Griswold cast-iron pots and pans, skillets, dutch ovens, and other kitchen items had a reputation for high quality, and they are well known to antique collectors and sellers. The easily recognized "cross" logo seen on Griswold products from the 1910s through the 1960s was modified several times over the years. Historians and collectors note these modifications and use them to date these pieces, to give more accurate estimates of their age and approximate date of manufacture.

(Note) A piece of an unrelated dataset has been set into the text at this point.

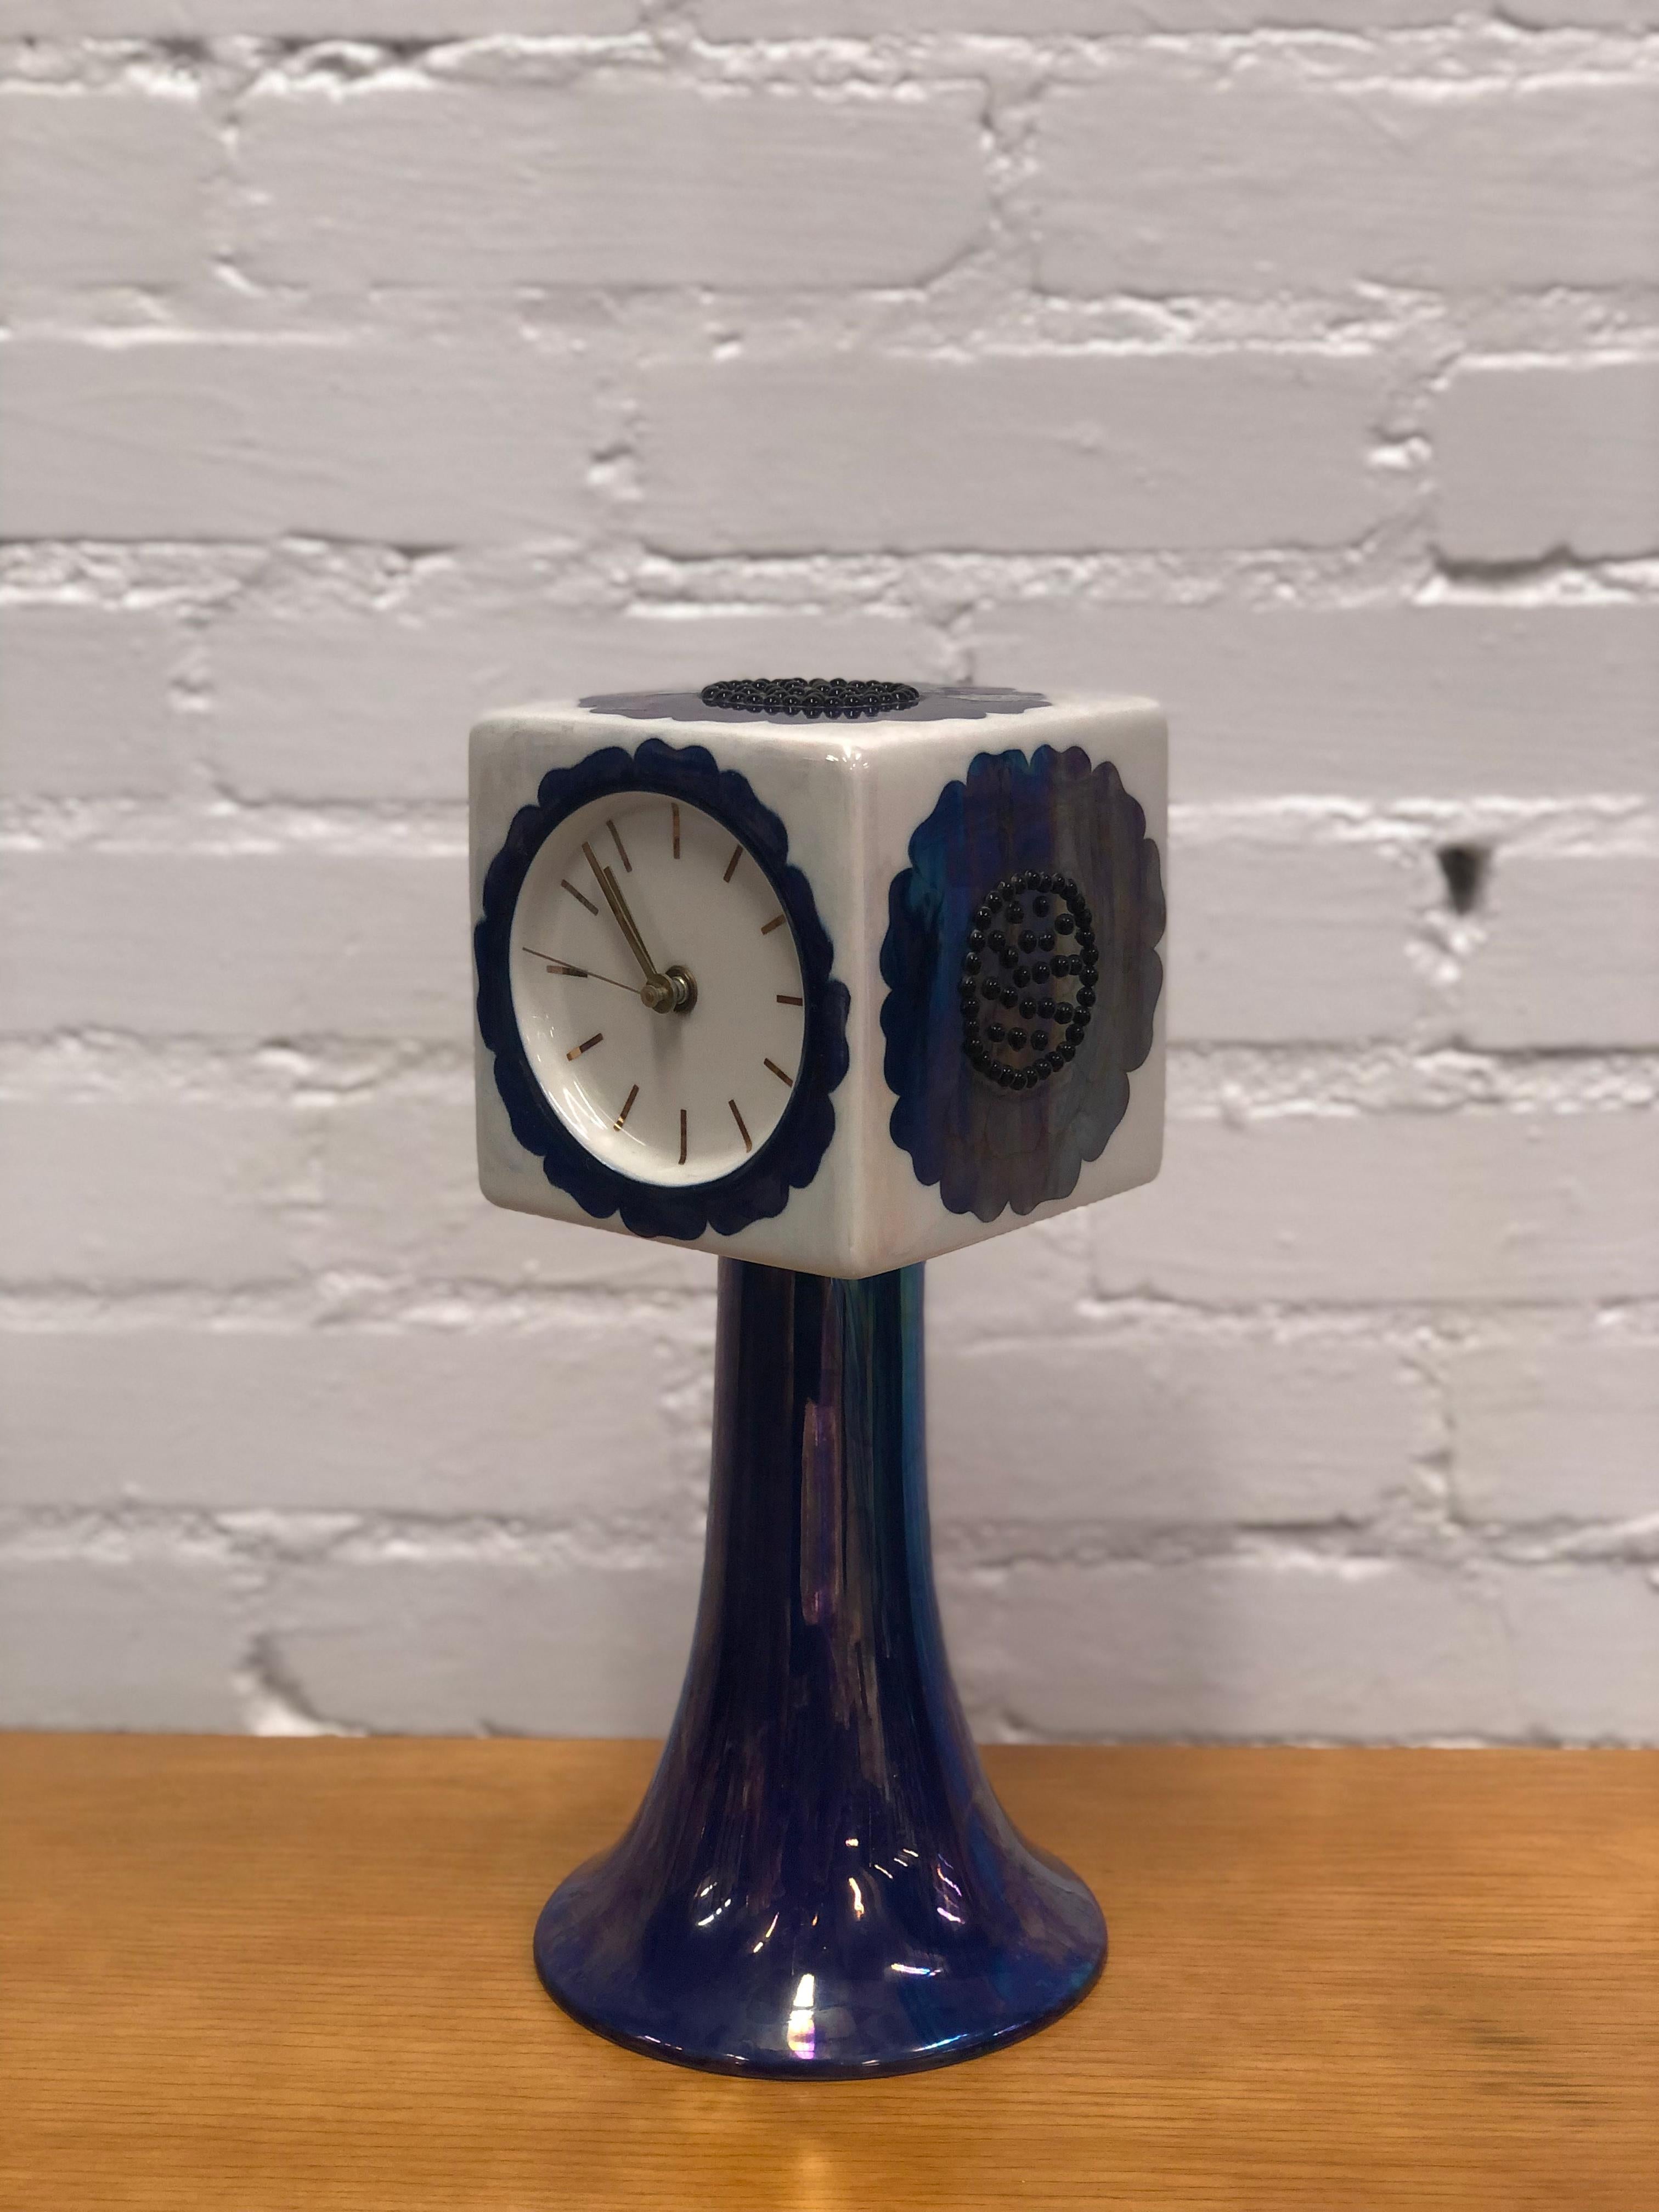 Birger Kaipiainen had a thing for clock´s. Frequently in his decorative dishes he had clock`s that were always pointing to 12:15.
Now here is the whole thing. In perfect working order and a very good condition indeed. The clock is stamped Birger

- The "Griswold cross" logo was first used by the manufacturer during the 1910s. For several years until the early 1920s, these pans had a slanted, slightly italicized "Griswold" name at the center of the cross. The age and quality of these pans make them among the most desirable for collectors, and as such they are often sold for high prices at antique malls and fairs.
- The logo was changed to block lettering during the 1920s through the 1930s. This version of the Griswold logo is the most popular and well known of the different variations, and images of this logo are often seen as the standard for representing collections of antique cast-iron cookware in general.
- During the early 1940s, Griswold changed its logo to a much smaller sized image, commonly known as the "small logo" Griswold. The company produced pans with this logo until its acquisition by the Randall corporation in 1957.
- After being acquired by Randall in 1957, the Griswold foundry and manufacturing plant in Erie, Pennsylvania was closed. Further cookware was produced at the Wagner foundry in Sidney, Ohio. Pans were produced with the Griswold logo from 1957 through the mid-1960s, though these pans did not include the "ERIE PA." mark. In the early-to-mid 1960s, a number of pans were produced with dual logos, displaying the images of both Griswold and Wagner. The Griswold logo was phased out by the late 1960s, and further cast iron from General Housewares was labeled with the Wagner Ware logo.